Doch sein Wunsch wird sich nicht erfüllen: Sowohl Kreisverwaltung als auch Polizei sehen auf der K 5 keinen Handlungsbedarf, mit einer stationären Radaranlage tätig zu werden. "Aus unserer Sicht ist die Kreisstraße vollkommen unauffällig", berichtet der zuständige Dezernent beim Kreis, Dr. Christian Dickschen. Grundlage für diese Aussage ist die Auswertung eines Messgeräts, dessen Aufstellung im vorigen Jahr nach einer Bürgeranhörung beim Bürgermeister von der Stadtverwaltung angeregt worden war. Dickschen: "Die Durchschnittsgeschwindigkeit in die eine Richtung betrug 57, in die andere Richtung 63 Kilometer in der Stunde." Ausreißer nach oben seien selten gewesen.

Für die Straßenverkehrsbehörde seien die Durchschnittswerte maßgeblich um zu handeln. Es müsste ein Unfallschwerpunkt sein, oder es müssten eklatante Tempoverstöße festgestellt werden. All das sei nicht der Fall auf der K 5.

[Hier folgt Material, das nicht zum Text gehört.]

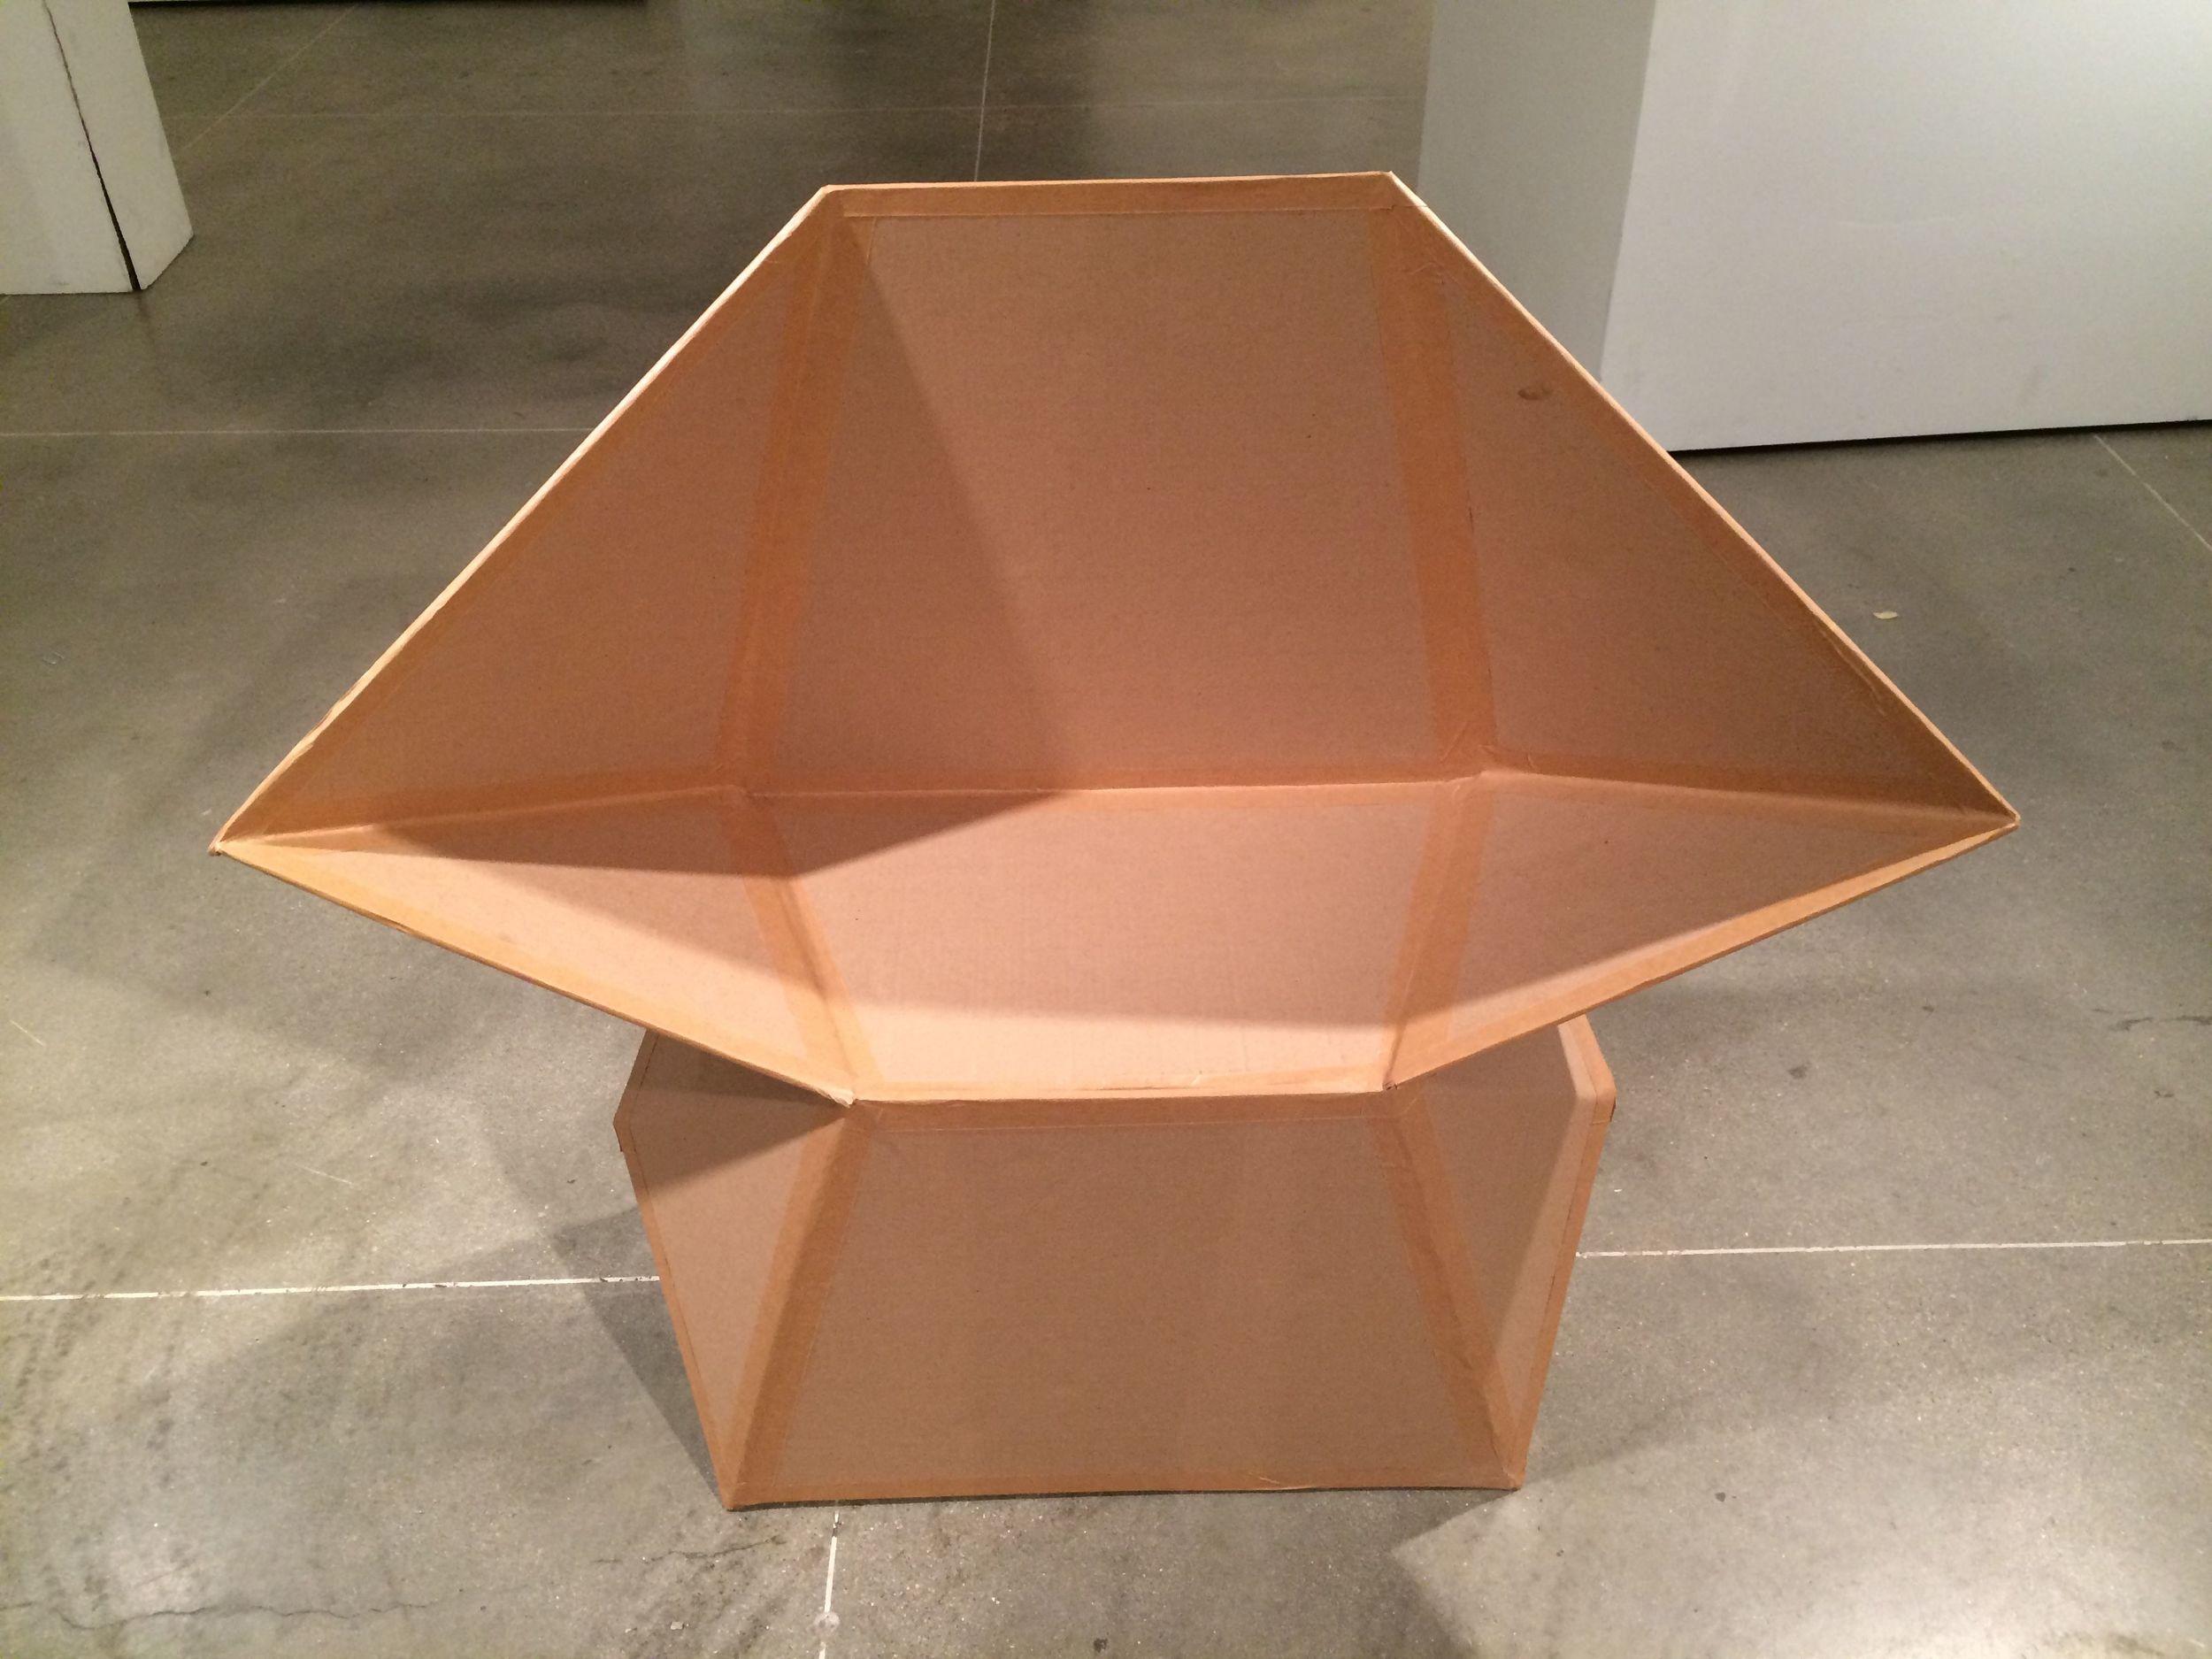 Cardboard Chair Assignment

Das sieht auch Jürgen Dzuballe so. Der Sprecher der Kreispolizeibehörde erklärte ebenfalls, dass die Geschwindigkeitsverstöße auf der Kreisstraße "nicht zwingend auffällig sind". Das hat die Auswertung der gelegentlichen Radarkontrollen ergeben. In den vergangenen drei Jahren, seit Januar 2013, hat es laut Dzuballe auf der K 5 acht Unfälle gegeben, bei denen zwei Menschen schwer und fünf leicht verletzt wurden. Daher sei der Bereich kein Unfallhäufungspunkt, erläuterte der Polizeisprecher. "Die K 5 ist allerdings die Einfahrtsstrecke für Motorräder", weiß Dzuballe und versichert: "Wir werden daher jetzt wieder verstärkt messen."